You can easily generate hashtags from keywords by appending the hash symbol at the start of every keyword. The easiest way to do this is to use the list comprehension method. You need to join the resulting list with a space to generate a hashtag string:

output = set(get_hotwords('''Welcome to Medium! Medium is a publishing platform where people can read important, insightful stories on the topics that matter most to them and share ideas with the world.'''))

hashtags = [('#' + x) for x in output]
print(' '.join(hashtags))

The following result will be shown when you run it:

#medium #ideas #publishing #important #stories #people #insightful #platform #world #topics #welcome

Sort by frequency

There may be cases in which the order of the keywords is based on frequency. in that case, you need to sort them based on how frequently the keywords appear — use the Counter module to sort and get the most frequent keywords. TheCounter module has a most_common function that accepts an integer as an input parameter. Remember, you must remove the set function to retain the frequency of each keyword.

output = get_hotwords('''Welcome to Medium! Medium is a publishing platform where people can read important, insightful stories on the topics that matter most to them and share ideas with the world.''')

hashtags = [('#' + x[0]) for x in Counter(output).most_common(5)]

print(' '.join(hashtags))

In these cases, the top five most common hashtags are as follow:

#medium #welcome #publishing #platform #people

3. Conclusion

Let’s recap what we’ve learned today. We started off installing the spaCy module via pip install. Then we downloaded a pre-trained language model. In this case, I downloaded the large version of the English model.

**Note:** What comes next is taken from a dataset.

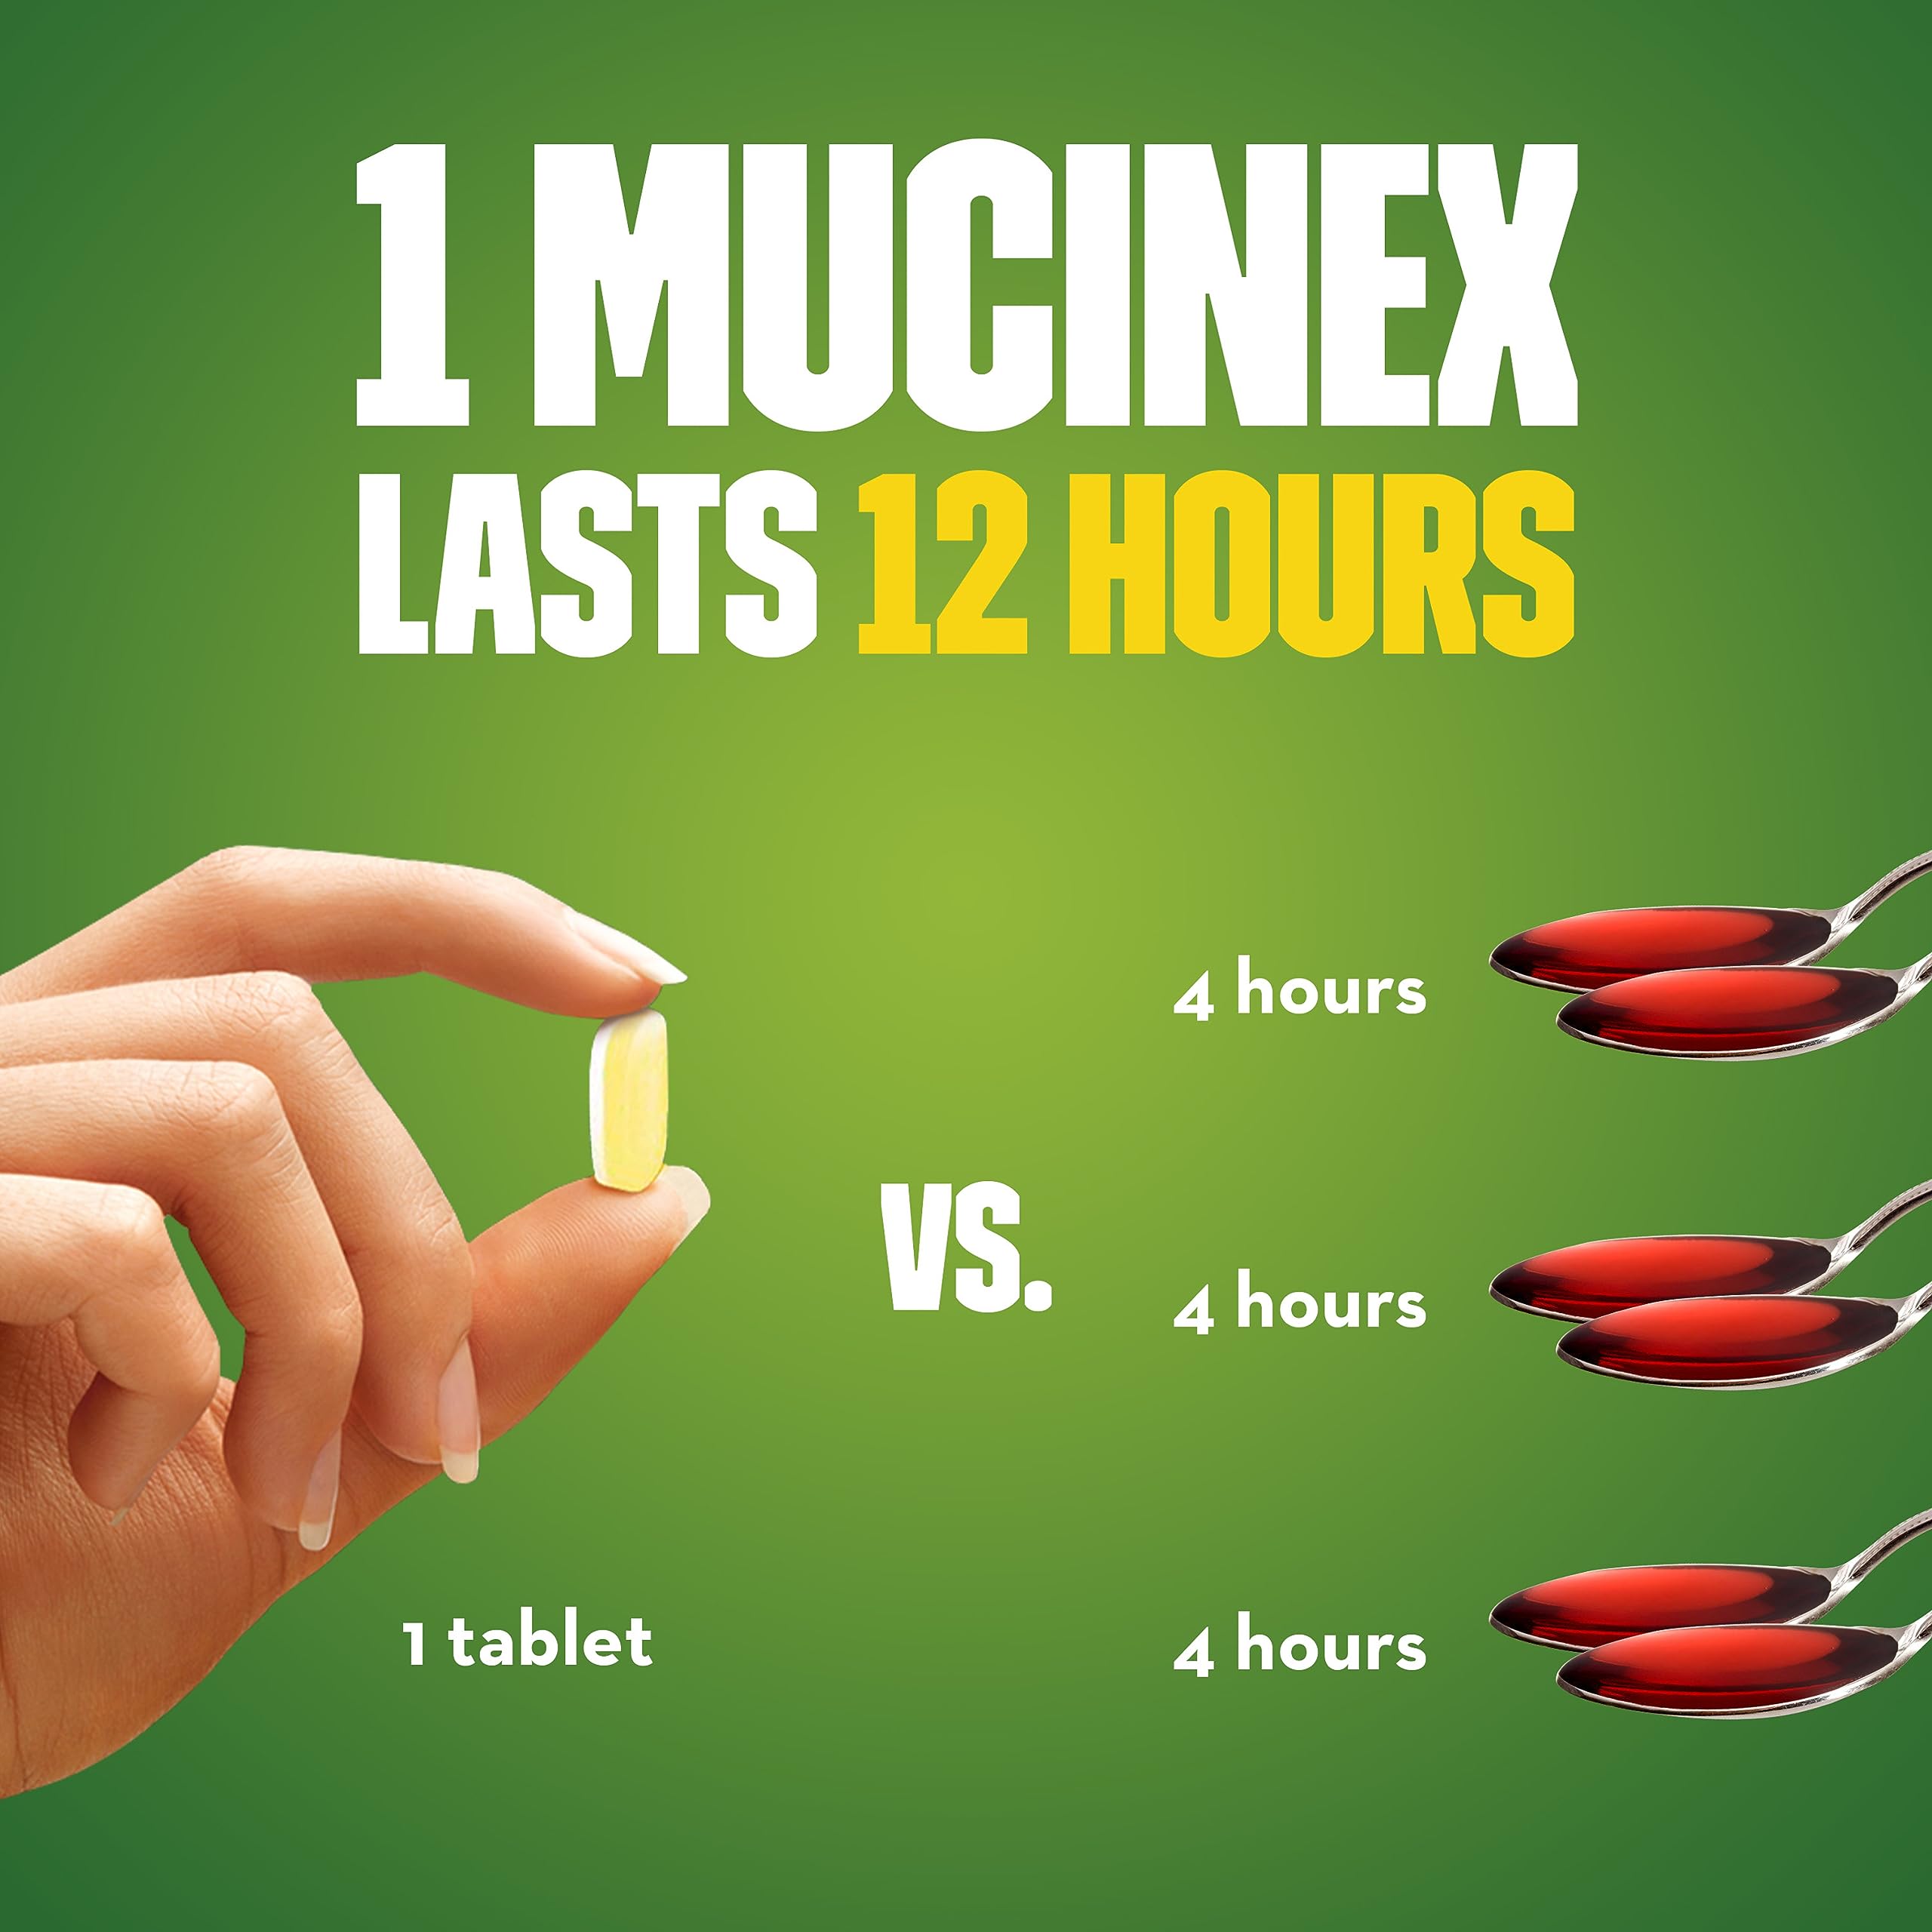 Mucinex DM 12 Hr Expectorant & Cough Suppressant Tablets, one 500 Count Bottle, Powerful Symptom Relief, Lasts up to 12 Hours, Multi, 17.637 Oz

Next, we wrote some simple codes to implement our own keyword extractor. We defined our own hotword function that accepts an input string and outputs a list of keywords. We used the Python built-in set function to remove duplicates from the result. List comprehension is extremely helpful in appending the hash symbol at the front of each keyword to create a hashtags string. Finally, we explored the most_common function in the Counter module to sort the keywords based on frequency.

Thanks for reading and I hope to see you in the next piece!